Rehashing

Question

The size of the hash table is not determinate at the very beginning. If the total size of keys is too large (e.g. size >= capacity / 10), we should double the size of the hash table and rehash every keys. Say you have a hash table looks like below:

size=3, capacity=4

[null, 21, 14, null]
       ↓    ↓
       9   null
       ↓
      null

The hash function is:

int hashcode(int key, int capacity) {
    return key % capacity;
}

here we have three numbers, 9, 14 and 21, where 21 and 9 share the same position as they all have the same hashcode 1 (21 % 4 = 9 % 4 = 1). We store them in the hash table by linked list.

rehashing this hash table, double the capacity, you will get:

size=3, capacity=8

index:   0    1    2    3     4    5    6   7
hash : [null, 9, null, null, null, 21, 14, null]
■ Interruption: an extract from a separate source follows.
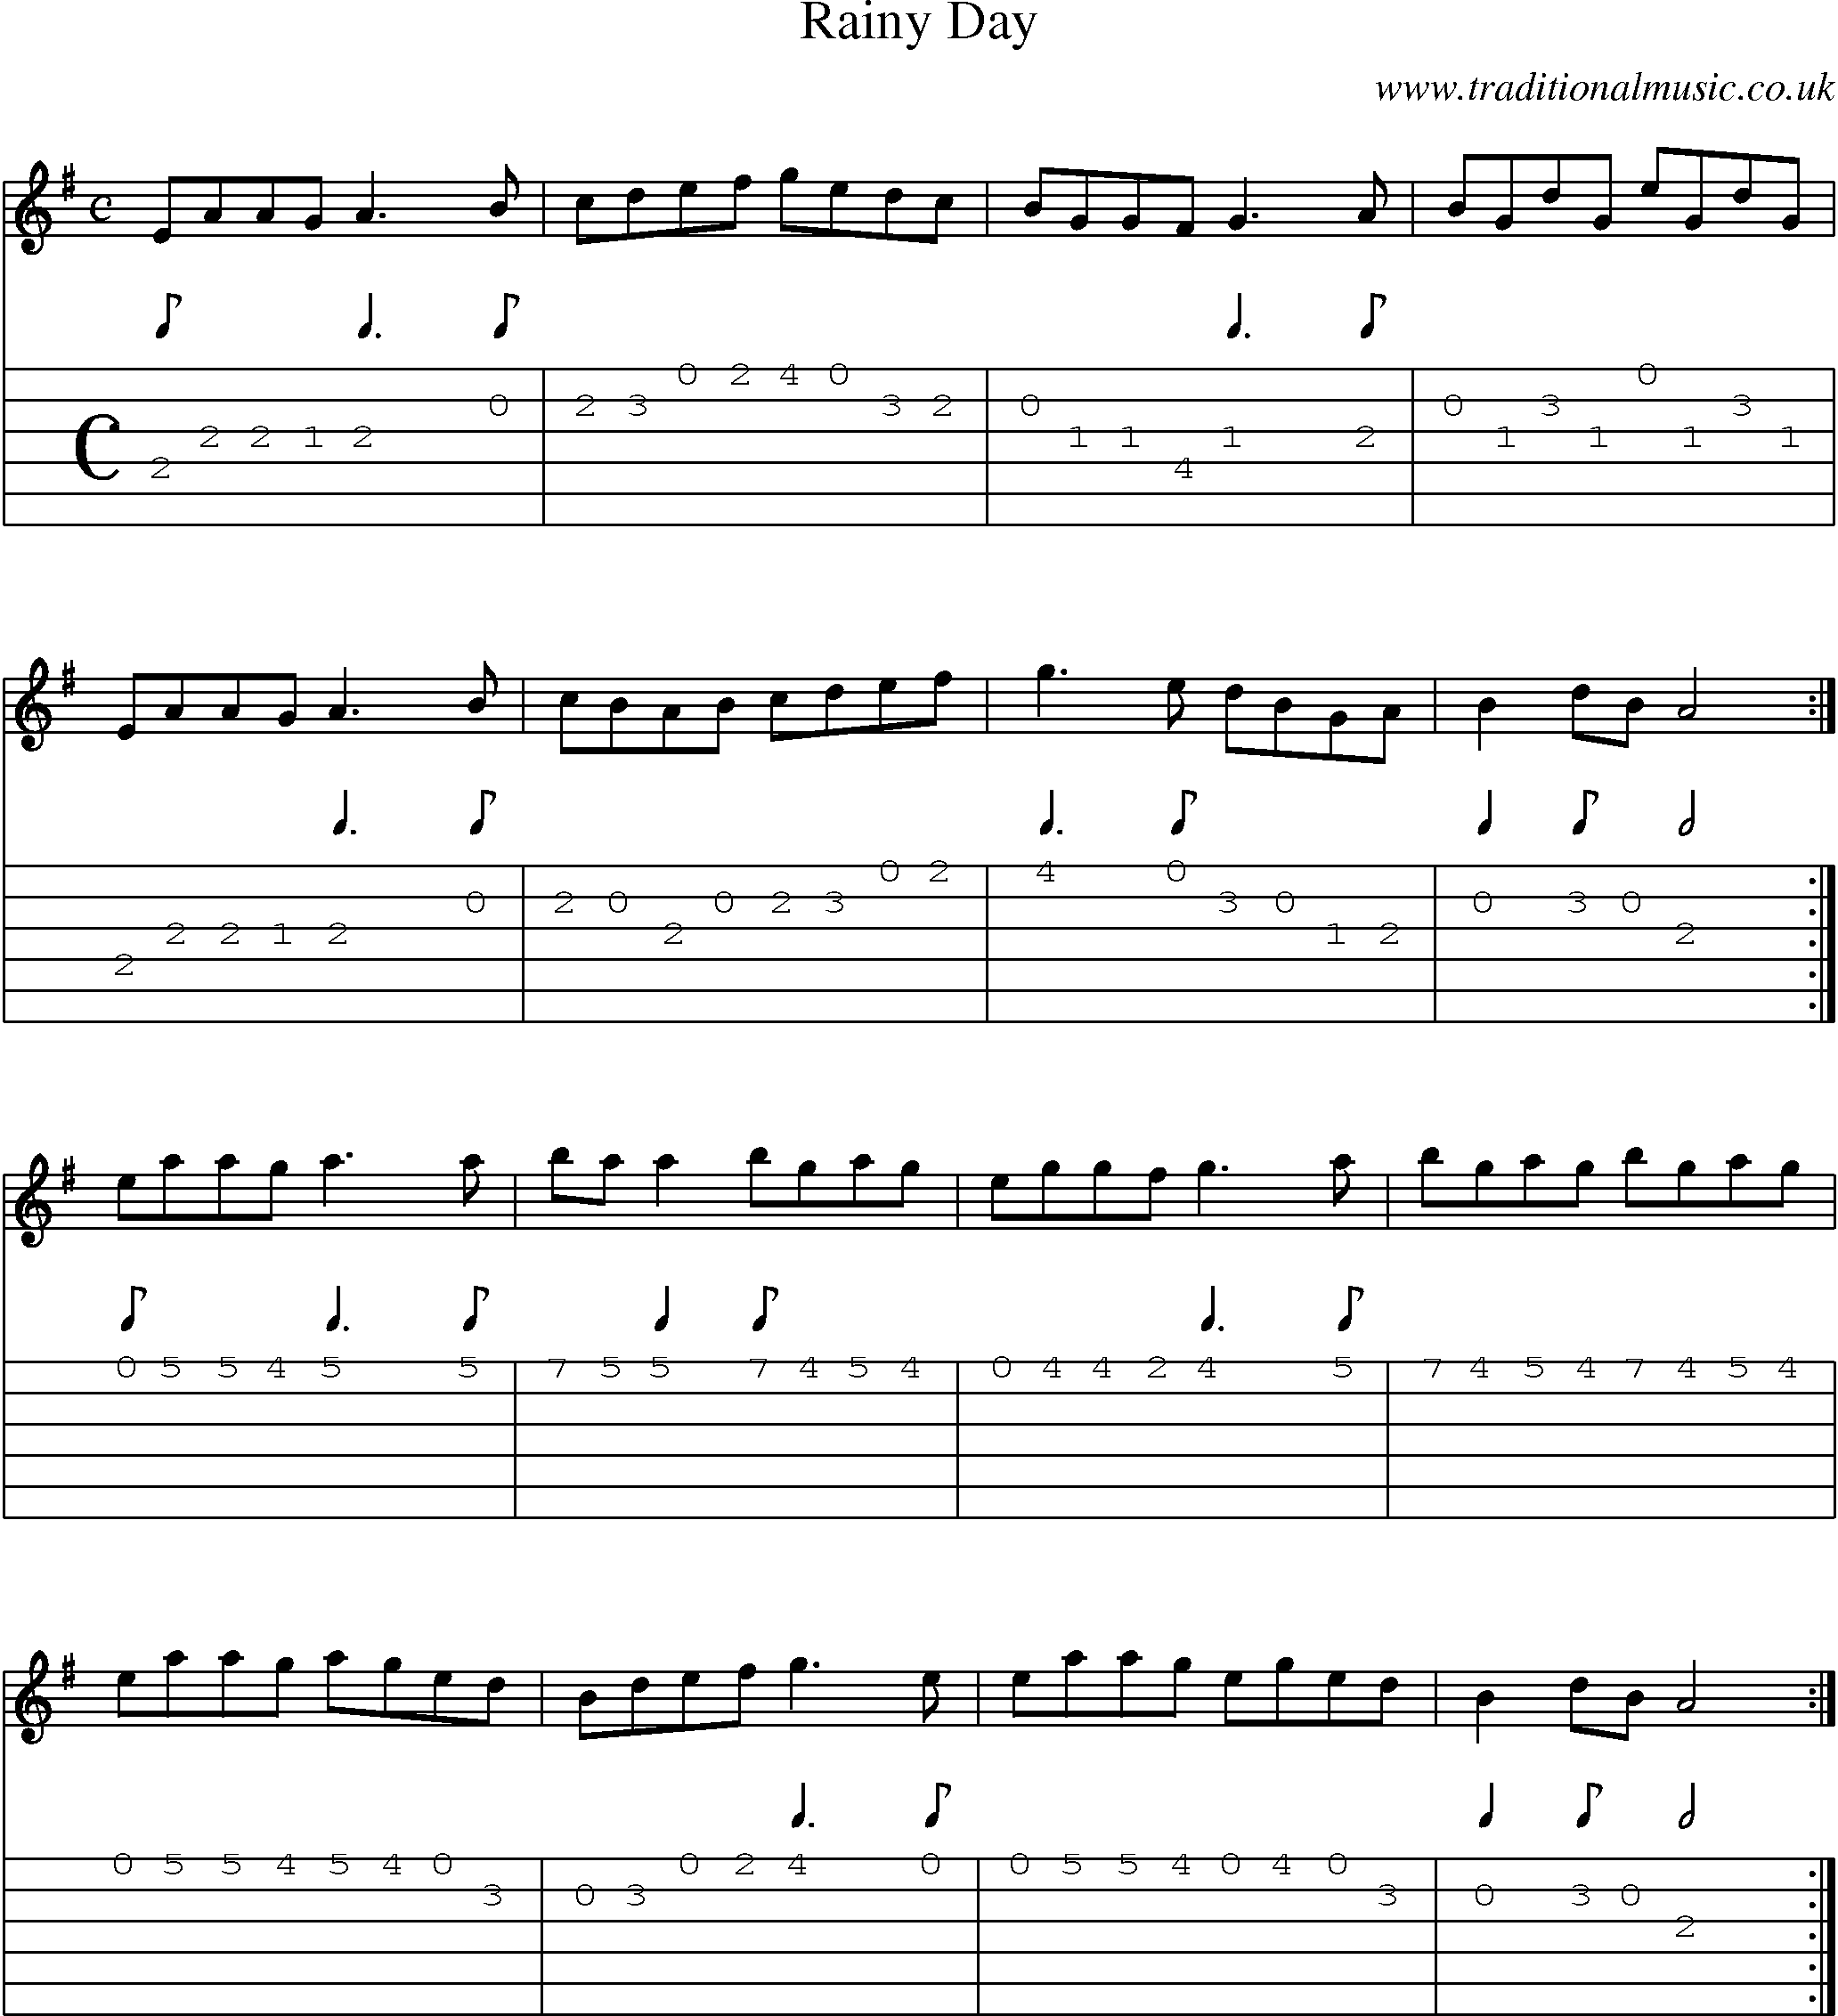 Music Score and Guitar Tabs for Rainy Day

Given the original hash table, return the new hash table after rehashing .

Thoughts

简单，loop through all the elements, 如果是linkedlist就一个一个处理过去

Solution

"""
Definition of ListNode
class ListNode(object):

    def __init__(self, val, next=None):
        self.val = val
        self.next = next
"""
class Solution:
    """
    @param hashTable: A list of The first node of linked list
    @return: A list of The first node of linked list which have twice size
    """
    def rehashing(self, hashTable):
        # write your code here
        cap = len(hashTable)
        newCap = cap * 2
        newHash = [ None for i in range(newCap)]
        for l in hashTable:
            while l:
                newEle = ListNode(l.val)
                newPos = l.val % newCap
                newListHead = newHash[newPos]
                if not newListHead:
                    newHash[newPos] = newEle
                else:
                    while newListHead.next:
                        newListHead = newListHead.next
                    newListHead.next = newEle
                l = l.next

        return newHash